**Problem requirements**
Within the listing below, the lines to output run from the one containing "Lemon Raspberry Bars" through the one containing "Crispy pork with potatoes and carrots."; copy them exactly and nothing else.

══════════════════════════════

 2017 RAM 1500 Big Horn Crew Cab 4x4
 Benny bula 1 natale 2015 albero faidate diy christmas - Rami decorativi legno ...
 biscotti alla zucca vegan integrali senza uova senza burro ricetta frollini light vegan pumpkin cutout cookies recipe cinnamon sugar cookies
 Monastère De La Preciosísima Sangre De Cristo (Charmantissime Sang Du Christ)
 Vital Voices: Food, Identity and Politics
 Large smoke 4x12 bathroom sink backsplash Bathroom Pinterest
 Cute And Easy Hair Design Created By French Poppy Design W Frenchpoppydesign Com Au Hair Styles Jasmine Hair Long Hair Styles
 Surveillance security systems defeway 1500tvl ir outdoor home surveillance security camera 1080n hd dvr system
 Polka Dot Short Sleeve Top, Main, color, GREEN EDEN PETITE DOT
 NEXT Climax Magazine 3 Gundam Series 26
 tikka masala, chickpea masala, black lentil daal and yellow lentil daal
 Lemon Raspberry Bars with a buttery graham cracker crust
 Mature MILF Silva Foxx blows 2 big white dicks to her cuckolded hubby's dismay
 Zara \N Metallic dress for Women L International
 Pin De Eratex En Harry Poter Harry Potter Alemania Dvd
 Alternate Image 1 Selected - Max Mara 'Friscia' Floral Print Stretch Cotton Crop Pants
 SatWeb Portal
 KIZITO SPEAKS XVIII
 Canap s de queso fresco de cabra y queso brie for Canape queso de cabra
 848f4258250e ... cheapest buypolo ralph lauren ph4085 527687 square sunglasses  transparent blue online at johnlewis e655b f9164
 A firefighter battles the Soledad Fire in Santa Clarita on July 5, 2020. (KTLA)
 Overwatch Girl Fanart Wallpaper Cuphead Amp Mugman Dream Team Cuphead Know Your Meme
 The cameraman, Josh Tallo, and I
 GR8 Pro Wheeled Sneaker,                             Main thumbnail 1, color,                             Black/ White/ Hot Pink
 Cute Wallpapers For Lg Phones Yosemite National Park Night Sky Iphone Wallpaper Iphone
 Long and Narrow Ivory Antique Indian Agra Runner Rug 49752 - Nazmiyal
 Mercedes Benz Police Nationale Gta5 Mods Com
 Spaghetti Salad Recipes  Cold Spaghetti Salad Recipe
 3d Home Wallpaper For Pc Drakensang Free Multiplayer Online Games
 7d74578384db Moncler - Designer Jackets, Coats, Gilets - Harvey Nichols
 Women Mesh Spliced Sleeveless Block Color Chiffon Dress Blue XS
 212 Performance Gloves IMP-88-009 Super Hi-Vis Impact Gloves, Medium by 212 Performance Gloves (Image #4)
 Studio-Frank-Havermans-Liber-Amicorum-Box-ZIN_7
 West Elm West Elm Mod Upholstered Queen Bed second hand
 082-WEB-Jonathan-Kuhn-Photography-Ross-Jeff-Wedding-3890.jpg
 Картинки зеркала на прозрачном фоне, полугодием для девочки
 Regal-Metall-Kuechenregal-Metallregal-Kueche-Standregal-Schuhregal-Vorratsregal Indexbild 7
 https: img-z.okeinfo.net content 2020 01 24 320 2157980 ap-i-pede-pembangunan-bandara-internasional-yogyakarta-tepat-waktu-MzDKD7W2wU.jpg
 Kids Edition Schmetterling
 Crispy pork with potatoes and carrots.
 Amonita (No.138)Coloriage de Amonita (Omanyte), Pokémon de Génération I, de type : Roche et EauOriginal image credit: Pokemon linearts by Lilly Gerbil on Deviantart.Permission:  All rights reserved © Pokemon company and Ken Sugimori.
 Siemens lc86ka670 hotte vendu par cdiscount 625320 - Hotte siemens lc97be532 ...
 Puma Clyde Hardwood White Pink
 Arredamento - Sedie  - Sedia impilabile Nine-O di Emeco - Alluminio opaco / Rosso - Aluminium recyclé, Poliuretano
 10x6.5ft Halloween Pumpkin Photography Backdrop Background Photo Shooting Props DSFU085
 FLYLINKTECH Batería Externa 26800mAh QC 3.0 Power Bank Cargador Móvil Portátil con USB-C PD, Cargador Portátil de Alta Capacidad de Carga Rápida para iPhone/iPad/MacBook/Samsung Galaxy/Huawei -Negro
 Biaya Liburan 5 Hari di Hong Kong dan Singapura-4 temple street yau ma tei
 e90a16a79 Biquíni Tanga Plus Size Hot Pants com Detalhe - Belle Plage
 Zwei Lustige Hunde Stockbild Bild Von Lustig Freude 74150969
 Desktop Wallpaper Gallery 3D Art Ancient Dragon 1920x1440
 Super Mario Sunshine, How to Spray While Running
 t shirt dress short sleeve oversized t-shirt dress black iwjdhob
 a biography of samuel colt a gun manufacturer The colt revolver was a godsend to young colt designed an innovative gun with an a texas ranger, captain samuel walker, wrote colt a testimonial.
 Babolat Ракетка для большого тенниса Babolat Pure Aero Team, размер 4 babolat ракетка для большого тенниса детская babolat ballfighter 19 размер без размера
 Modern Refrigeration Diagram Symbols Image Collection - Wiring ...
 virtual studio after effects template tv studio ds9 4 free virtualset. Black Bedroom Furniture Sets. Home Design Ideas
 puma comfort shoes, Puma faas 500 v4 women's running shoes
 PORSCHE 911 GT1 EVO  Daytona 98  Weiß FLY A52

══════════════════════════════

**Response box**
 Lemon Raspberry Bars with a buttery graham cracker crust
 Mature MILF Silva Foxx blows 2 big white dicks to her cuckolded hubby's dismay
 Zara \N Metallic dress for Women L International
 Pin De Eratex En Harry Poter Harry Potter Alemania Dvd
 Alternate Image 1 Selected - Max Mara 'Friscia' Floral Print Stretch Cotton Crop Pants
 SatWeb Portal
 KIZITO SPEAKS XVIII
 Canap s de queso fresco de cabra y queso brie for Canape queso de cabra
 848f4258250e ... cheapest buypolo ralph lauren ph4085 527687 square sunglasses  transparent blue online at johnlewis e655b f9164
 A firefighter battles the Soledad Fire in Santa Clarita on July 5, 2020. (KTLA)
 Overwatch Girl Fanart Wallpaper Cuphead Amp Mugman Dream Team Cuphead Know Your Meme
 The cameraman, Josh Tallo, and I
 GR8 Pro Wheeled Sneaker,                             Main thumbnail 1, color,                             Black/ White/ Hot Pink
 Cute Wallpapers For Lg Phones Yosemite National Park Night Sky Iphone Wallpaper Iphone
 Long and Narrow Ivory Antique Indian Agra Runner Rug 49752 - Nazmiyal
 Mercedes Benz Police Nationale Gta5 Mods Com
 Spaghetti Salad Recipes  Cold Spaghetti Salad Recipe
 3d Home Wallpaper For Pc Drakensang Free Multiplayer Online Games
 7d74578384db Moncler - Designer Jackets, Coats, Gilets - Harvey Nichols
 Women Mesh Spliced Sleeveless Block Color Chiffon Dress Blue XS
 212 Performance Gloves IMP-88-009 Super Hi-Vis Impact Gloves, Medium by 212 Performance Gloves (Image #4)
 Studio-Frank-Havermans-Liber-Amicorum-Box-ZIN_7
 West Elm West Elm Mod Upholstered Queen Bed second hand
 082-WEB-Jonathan-Kuhn-Photography-Ross-Jeff-Wedding-3890.jpg
 Картинки зеркала на прозрачном фоне, полугодием для девочки
 Regal-Metall-Kuechenregal-Metallregal-Kueche-Standregal-Schuhregal-Vorratsregal Indexbild 7
 https: img-z.okeinfo.net content 2020 01 24 320 2157980 ap-i-pede-pembangunan-bandara-internasional-yogyakarta-tepat-waktu-MzDKD7W2wU.jpg
 Kids Edition Schmetterling
 Crispy pork with potatoes and carrots.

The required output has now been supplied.